9/11 Stories
Amanda Highfield
I just moved to Jersey City, right across the river from where the Twin Towers used to be. I’m between jobs this week, so when I woke up just before 10 in the morning on “Black Tuesday” to the endless ringing of the phone, and the voice on the other end of the line said, “They’ve blown up the Pentagon and the World Trade Center!!” I thought she was either fucking with me because I’d just woken up or she was making a big deal out of another bombing like the last one. But I leapt out of bed, stretching, and went to the window, where I can usually see the towers, looming pale and silvery against the Long Island sky. Instead, I saw one tower, and a lot of smoke.
As a compassionate person and a photographer, the first things I felt were: I’ve got to get there, I’ve got to help people, I’ve got to be in my damn city, and: I’ve got to get up to the roof and take a picture of this. So I ran around the house throwing on clothes, turning on the news, finally back to my room, put on my shoes, put my foot on the window sill to tie one, and looked up, and before my eyes, the antenna tilted and fell into the smoke. I nearly threw up. I remember my exact words: “OH SHIT, OH SHIT.”
I got my pocket book, and as I went for the door I heard the tv: The PATH was closed. And NJ Transit, and the LIRR, and Metro North, and the MTA buses and subways. So, I sat down and watched the news, helpless, and panicked, and I cried. I cried while I tried and failed to find out the safety of my friends, while I tried and failed to call my mom, and even tried to call my recent ex-boyfriend to find out if he was safe.
When I finally got into the city, Thursday, it was like a parallel universe. It was not the City that Never Sleeps. It was so quiet…I saw missing posters, candles, flowers everywhere. I saw people making no effort to hide their tears. People smiled uneasily at me on the street. If there are two things that New Yorkers aren’t, it’s smiley or uneasy! The usual smell of NYC - all the incense and the smell of the stores and restaurants, air conditioning drifting into the street, ocean air and pavement all mixed together - it wasn’t there. Instead I smelled the smell of an abandoned building - old smoke, wet ash, synthetic things burning. It was like some big, horrible, twisted christmas.
Now it’s been a week. Nothing has healed, nothing has gone away. I spent three days at hospitals, saying, “I’m O+!”. I had drinks with a soldier on friday night, and I like to think I finally did something to help by letting him tell me what he wanted to get off his chest, and then taking his mind off of things. By being a friend. And he didn’t believe me when I told him he was a hero. I think the first police officer I said “thank you” to thought I was taking an attitude for a moment, but I’ve been doing it since then.

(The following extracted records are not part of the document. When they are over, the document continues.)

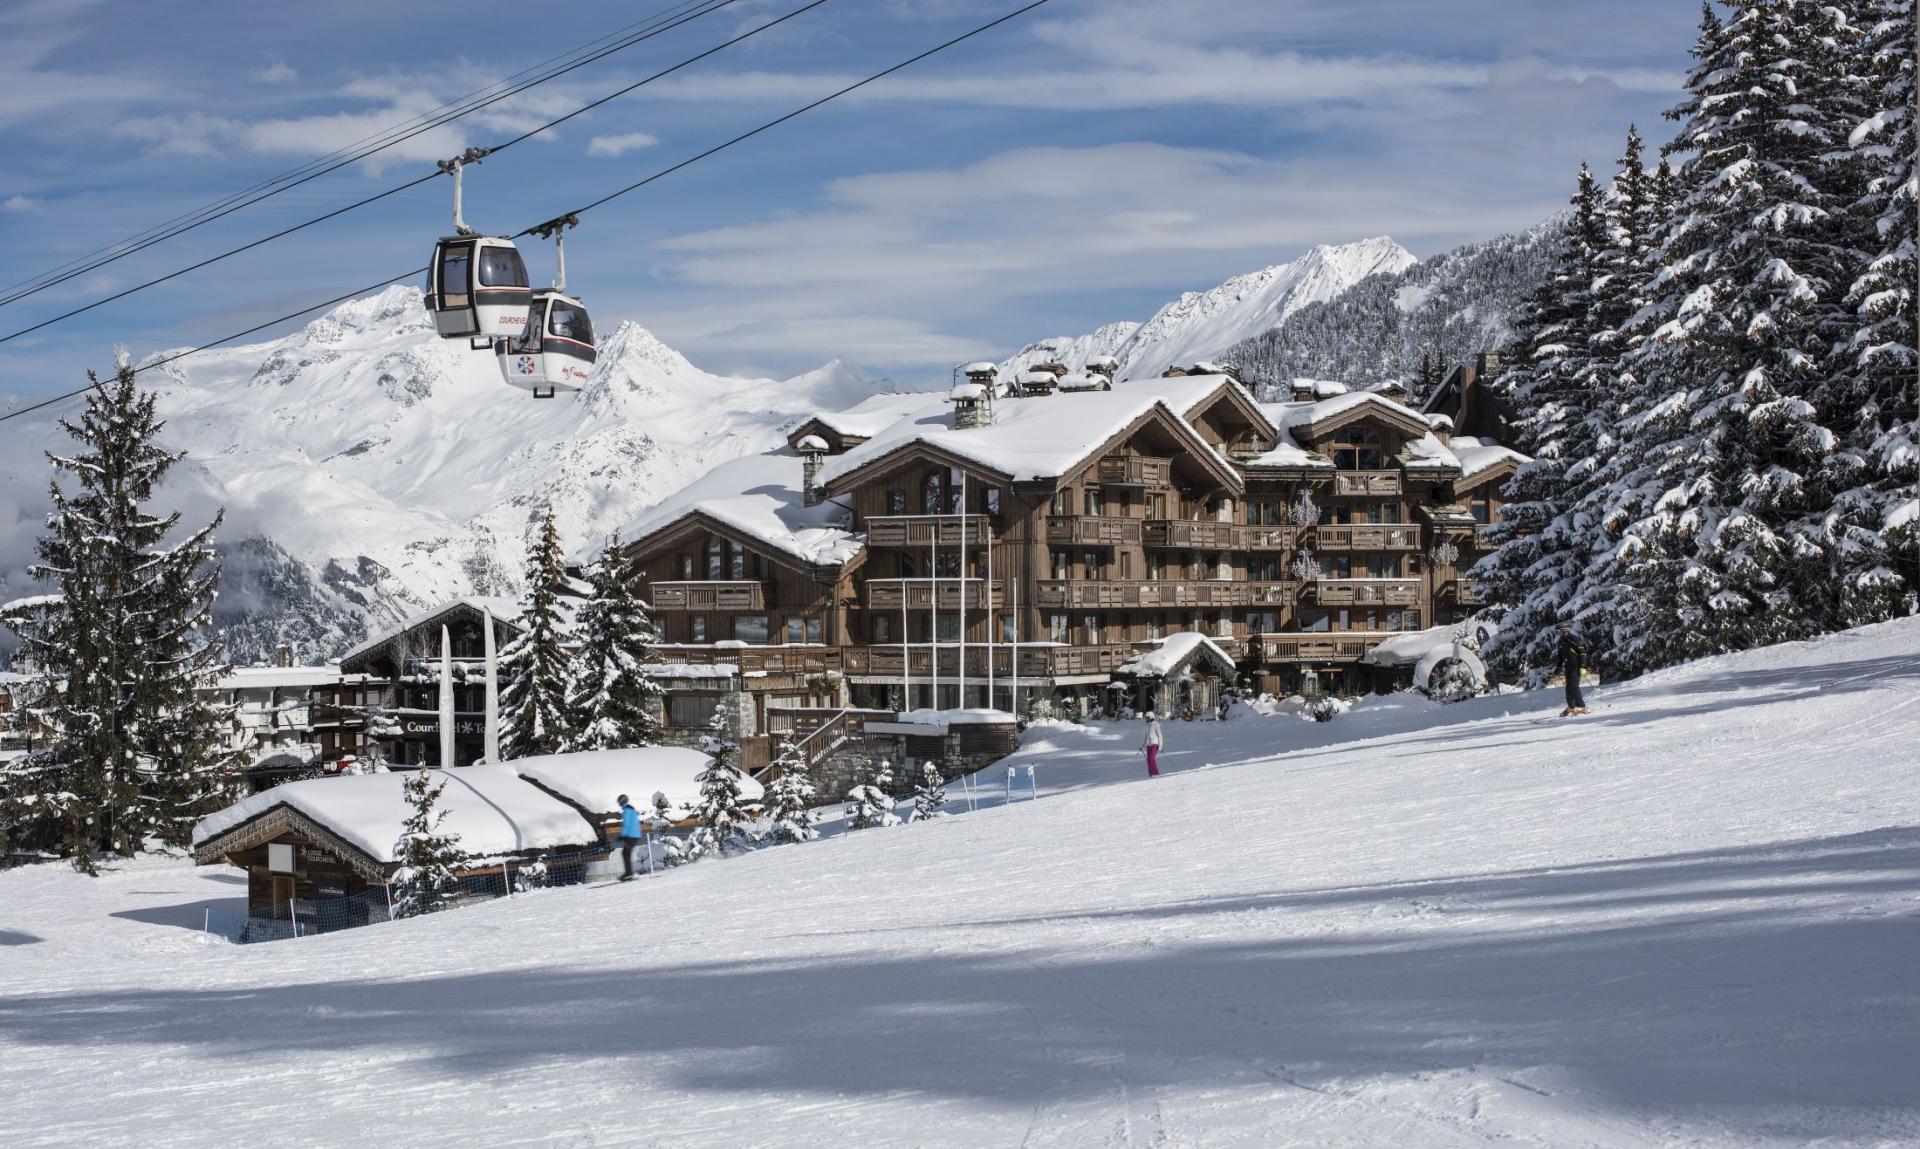 Courchevel ski resort, France - your impartial ski resort guide
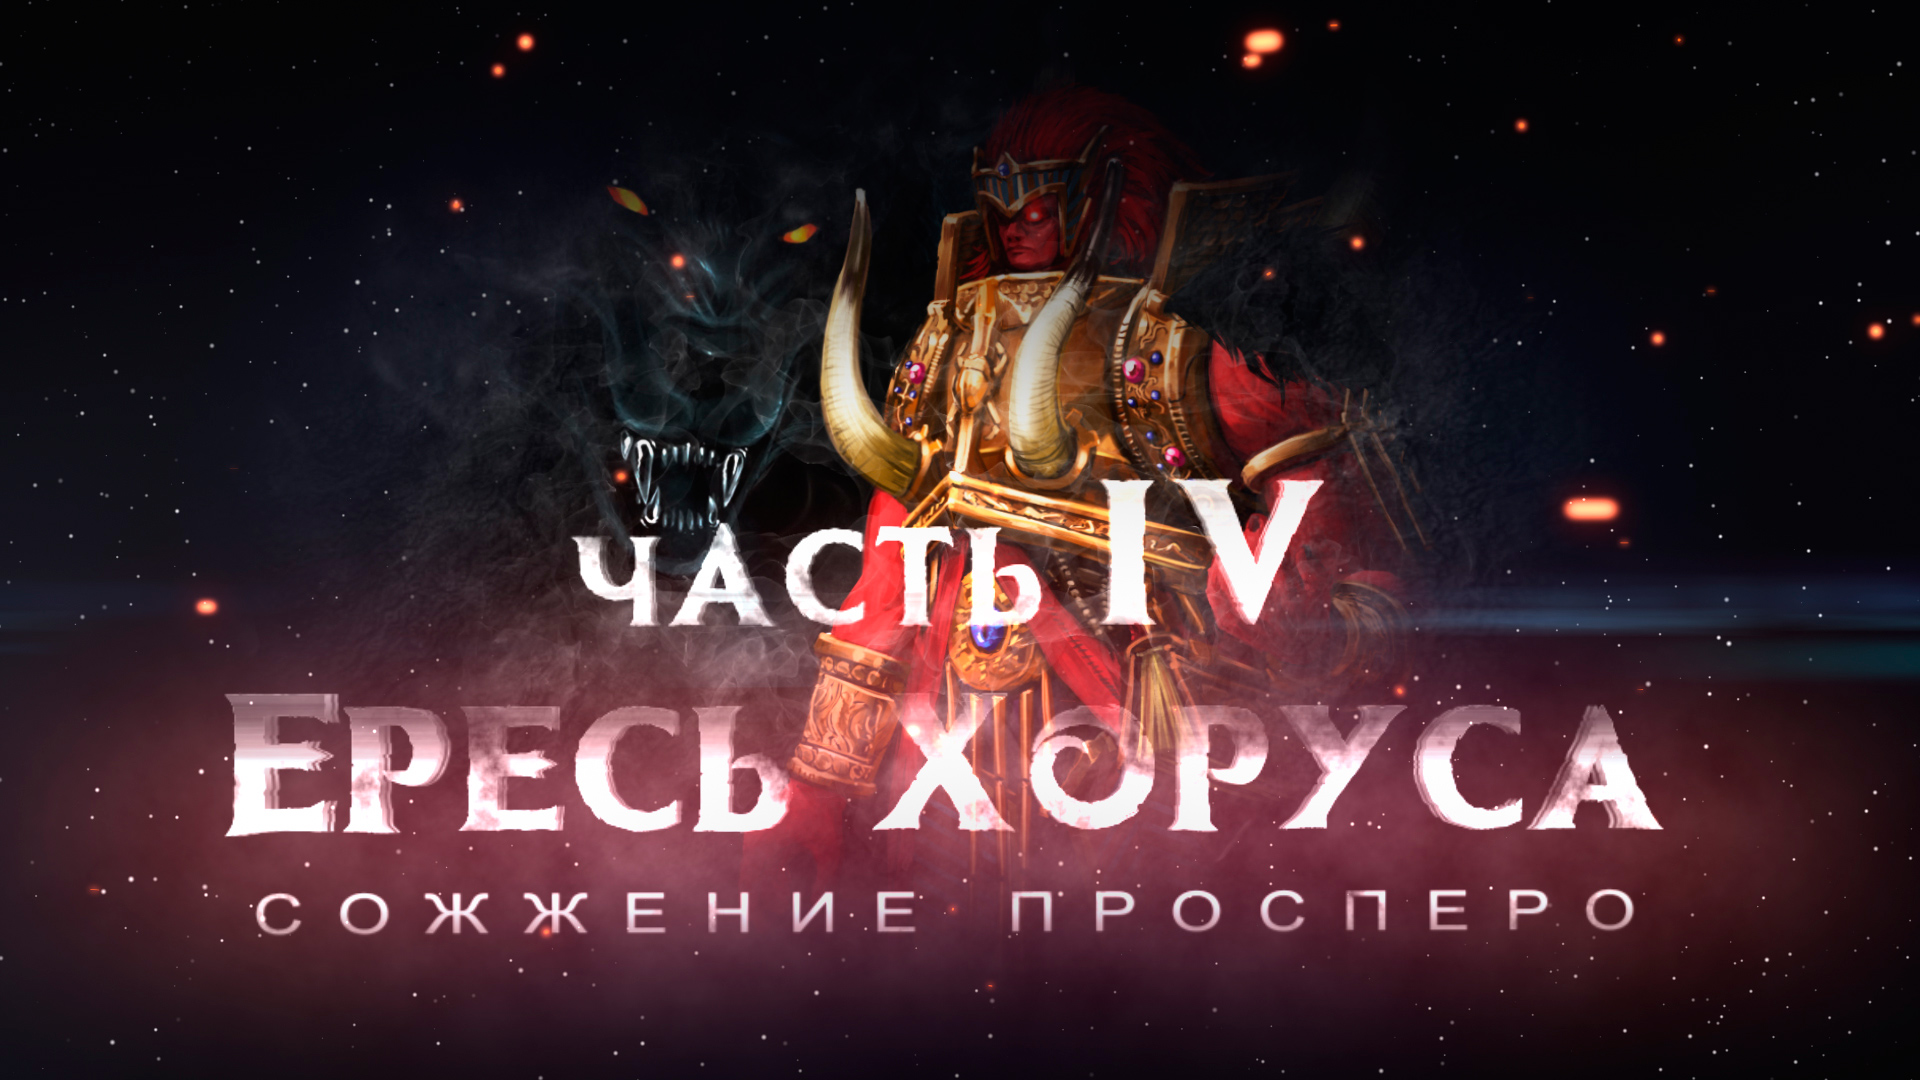 ЕРЕСЬ ХОРУСА.ч4 Motion фильм (Warhammer40k Horus Heresy).mp4
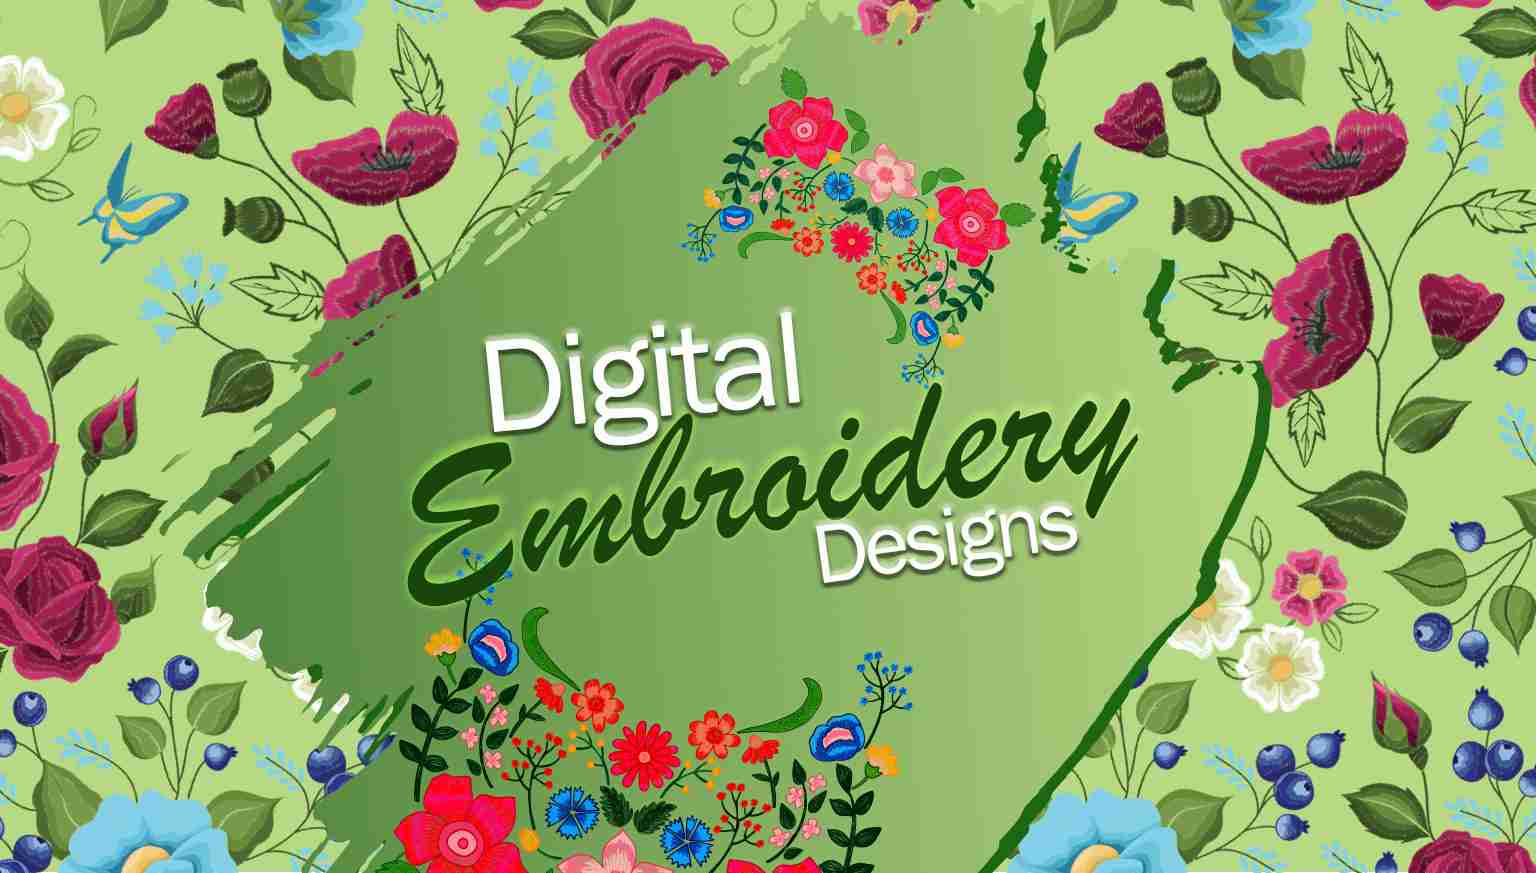 Digital Embroidery Designs
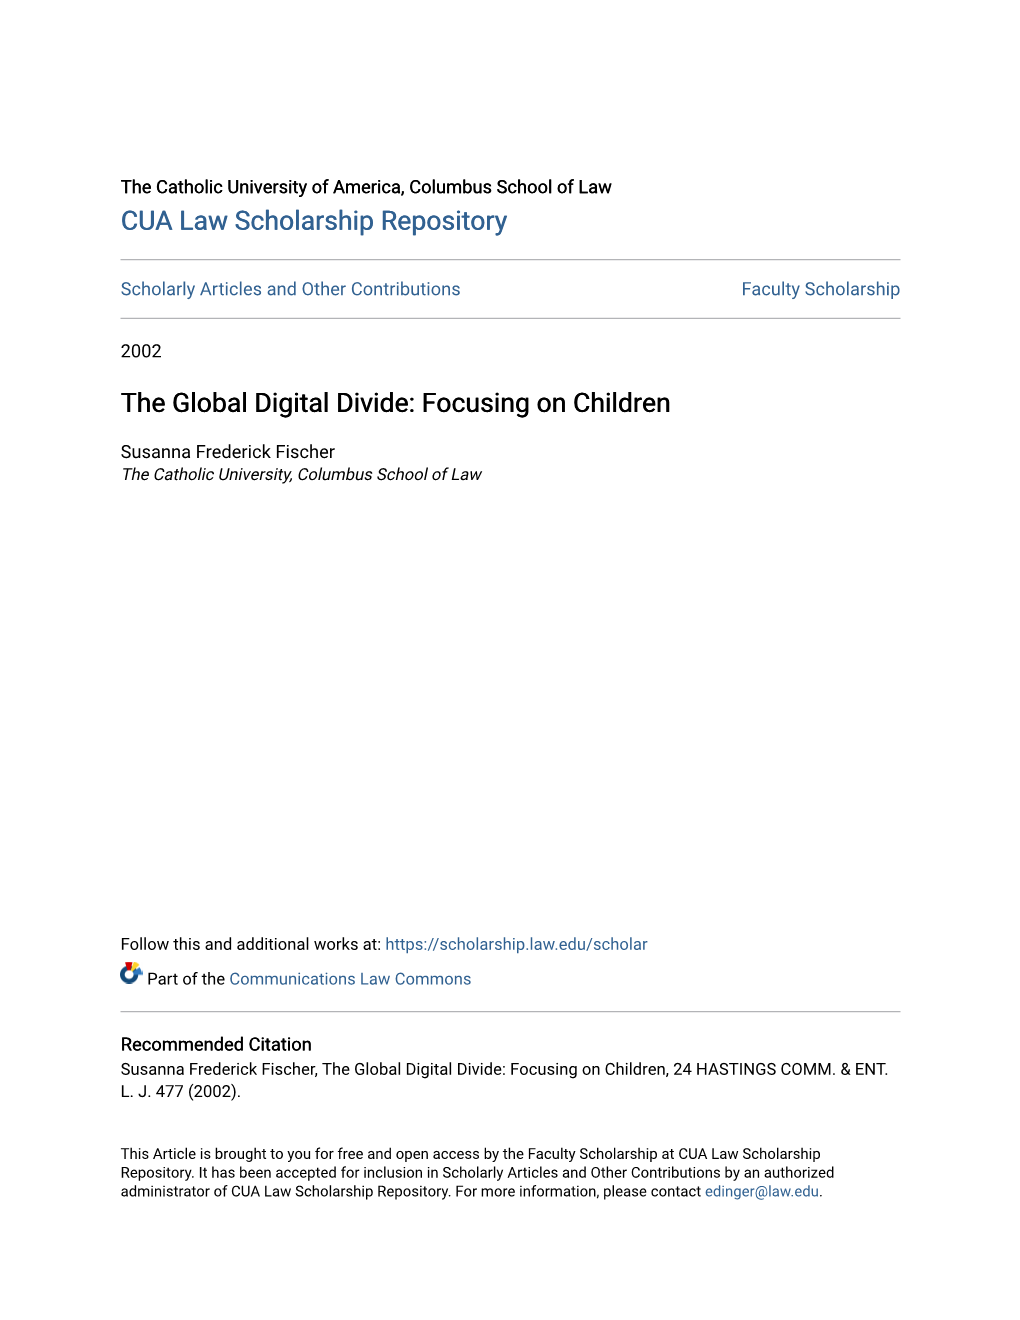 The Global Digital Divide: Focusing on Children
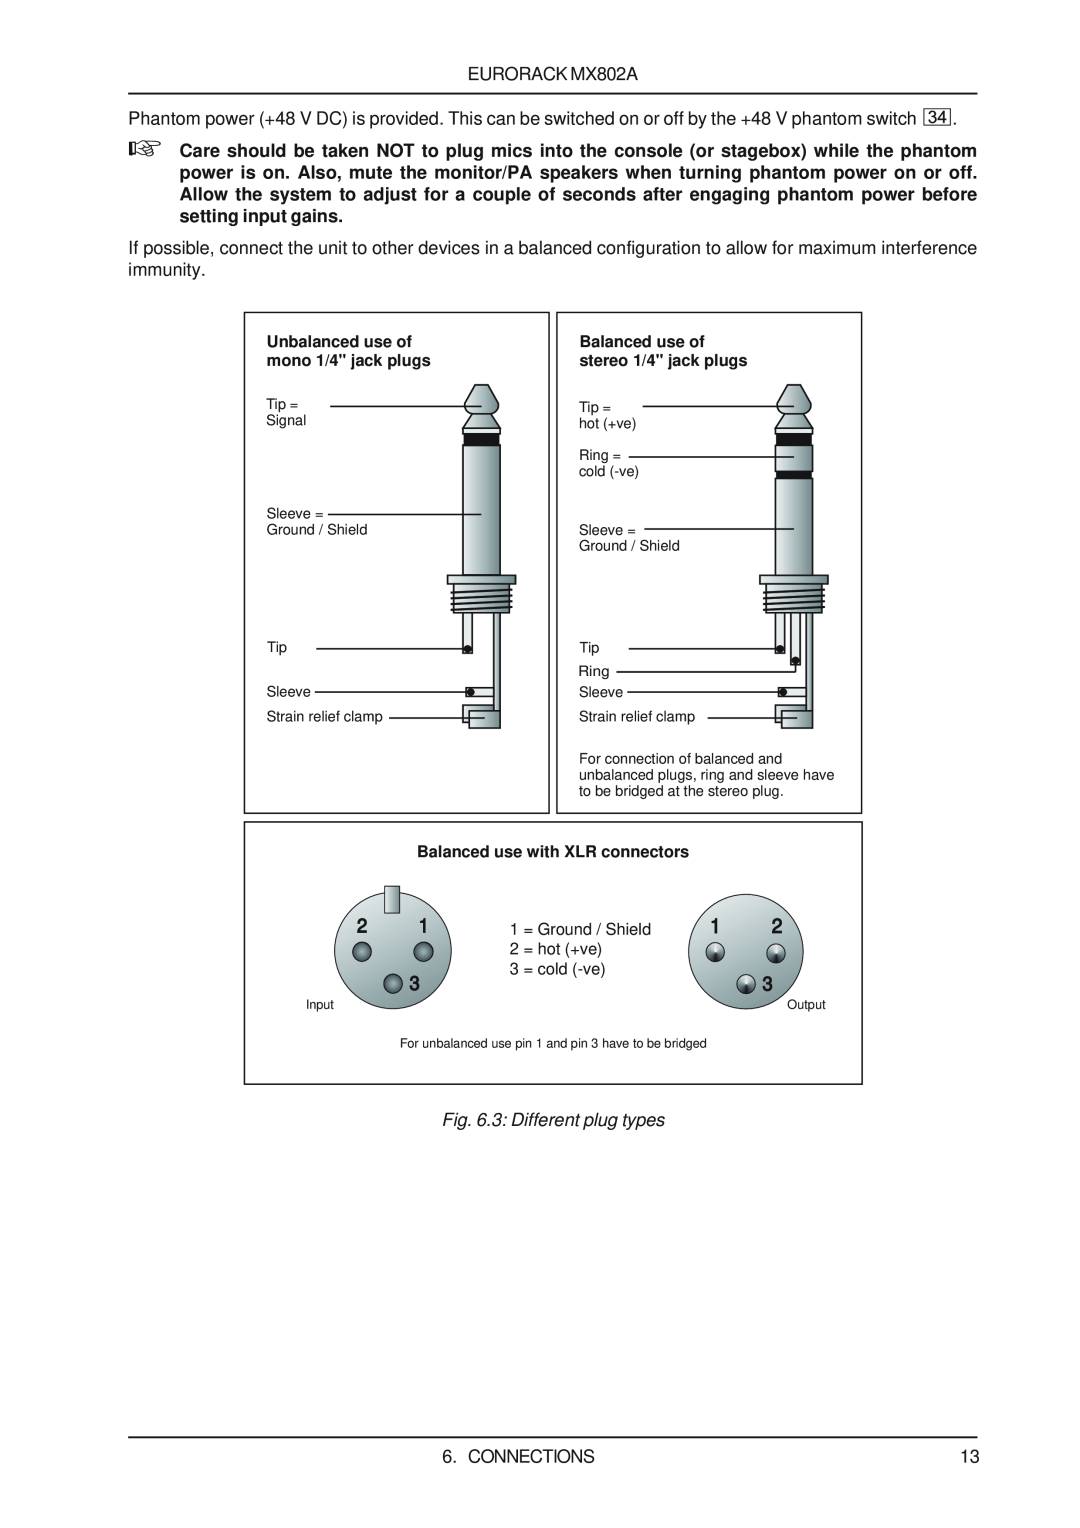 Behringer MX802A 3 Different plug types, Unbalanced use of mono 1/4 jack plugs, Balanced use of stereo 1/4 jack plugs

I’ve always been awed, driving towards the river, at how massive the Towers were, and how it seemed like I could drive right up to them. The view from J. Owen Grundy park, on the water, was absurdly beautiful… they rose straight up, glittering, into the night sky. But I never fully realized how much I loved our Twin Towers, or how hard I could feel the deaths of a lot of people I don’t know, or what really lay inside of a lot of New Yorkers’ hearts until last Tuesday. It didn’t just teach me something about terrorism, or about NY, it taught me something about myself.